A desigualdade como fenômeno humano
“Terá havido no mundo alguma sociedade realmente igualitária na qual as pessoas pudessem desfrutar de maneira semelhante os bens e as oportunidades da vida social?” (COSTA, 2005, p. 247).
Faz parte da natureza cultural humana a organização do espaço onde habita. Tal organização é o que permite a permanência do grupo, entendido como grupo social. No processo de organização do espaço, funções são atribuídas aos membros dos grupos, bem como formas específicas de ação( divisão do trabalho).
 A distribuição dos bens produzidos pelo grupo também se faz de acordo com algumas regras.(idade, sexo, classe)
Desta forma, a resposta à pergunta inicial é negativa. Parece que em todas as sociedades humanas sempre existiram formas de discriminar indivíduos ou grupos de indivíduos. Portanto, a discriminação faz parte do um processo humano de classificação, o que permite a organização e a sobrevivência das sociedades.
Se a resposta à pergunta inicial é tão óbvia como nos faz parecer, por que insistimos nela e por que está atrelada às ideias de pobreza e exclusão?
 Na realidade, o problema fundamental não é a discriminação no sentido classificatório, mas as consequências destas classificações. A questão se torna, de fato, um problema quando distinção e discriminação se tornam inequivalências.

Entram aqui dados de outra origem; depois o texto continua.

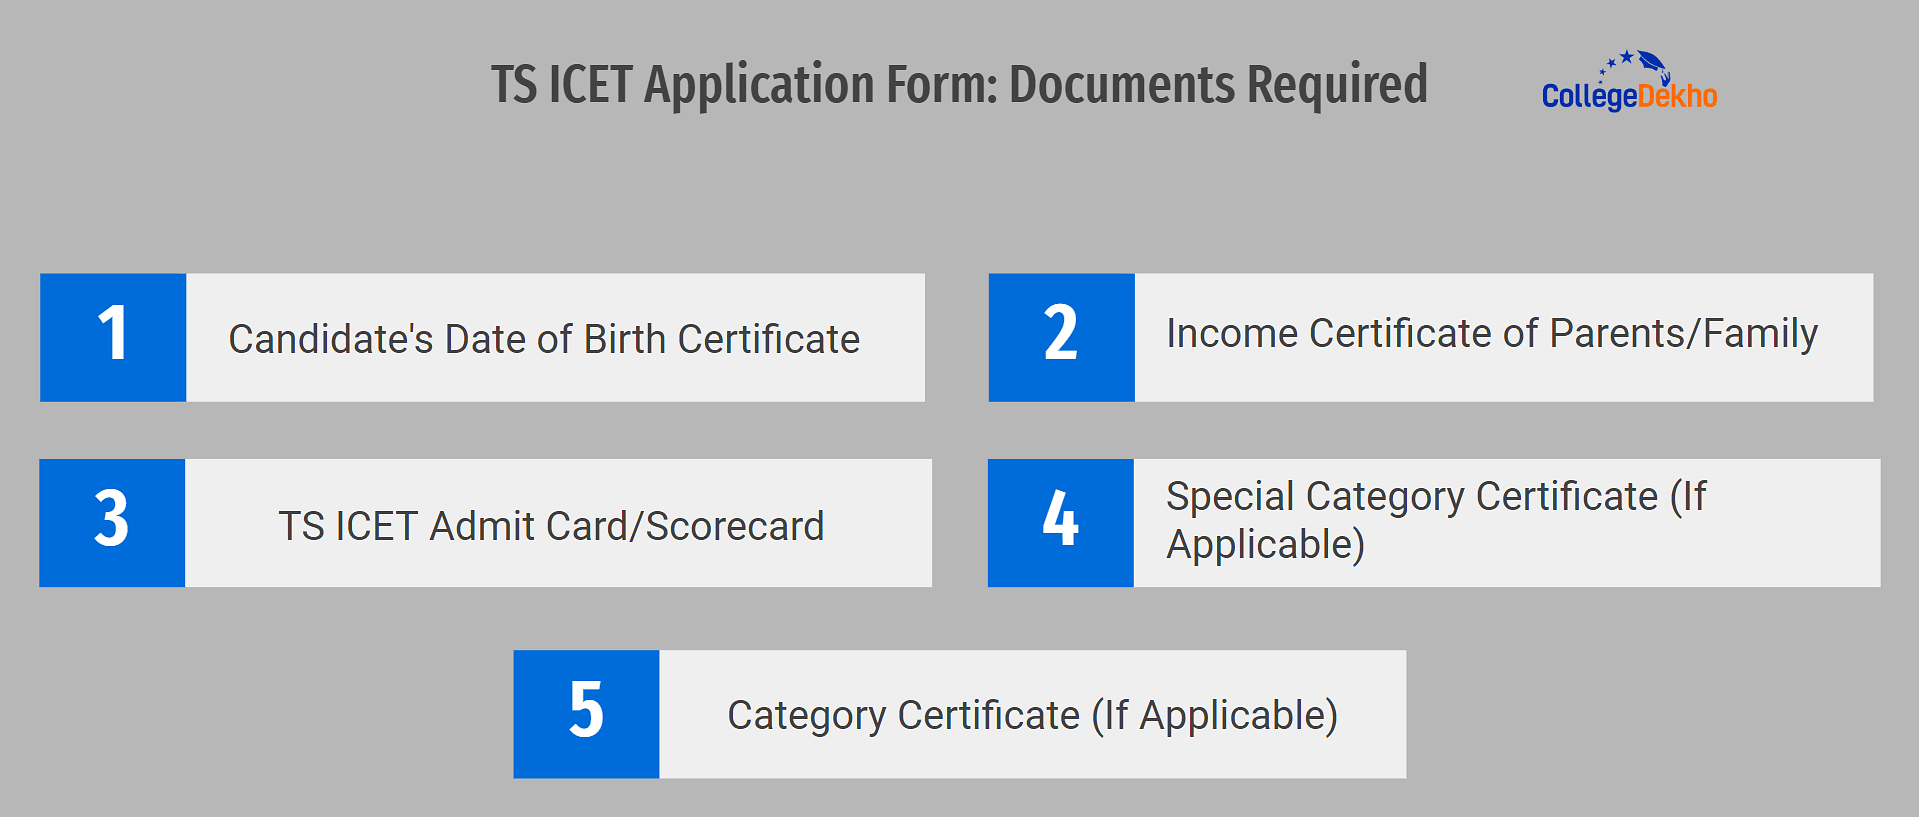 TS ICET Application Form Documents Required

Ao fenômeno da discriminação soma-se a função valorativa expressada pelo sentido de equivalência ou inequivalência atribuído a um elemento do sistema social. Ao que parece, à medida que as sociedades se tornam mais complexas, as fronteiras da igualdade pretendida vão se tornando cada vez mais distantes.
Por que a pobreza choca e incomoda?
Se, como vimos, não há sociedade (humana e não humana) sem organização, o que implica distinção e discriminação, por que algumas posições na estrutura da sociedade nos causam desconforto?
Se distinção e discriminação implicam em acessos desiguais aos bens produzidos pelo grupo, se são fenômenos presentes desde sempre nas sociedades humanas, por que nos incomoda ou nos choca a constatação de que parcelas da população não têm acesso a estes bens?
Todos os habitantes do planeta pertencem à família humana e, como tal, devem ser assistidos de forma igualitária ou equivalente. Devem ter acesso aos bens e serviços produzidos pelas sociedades.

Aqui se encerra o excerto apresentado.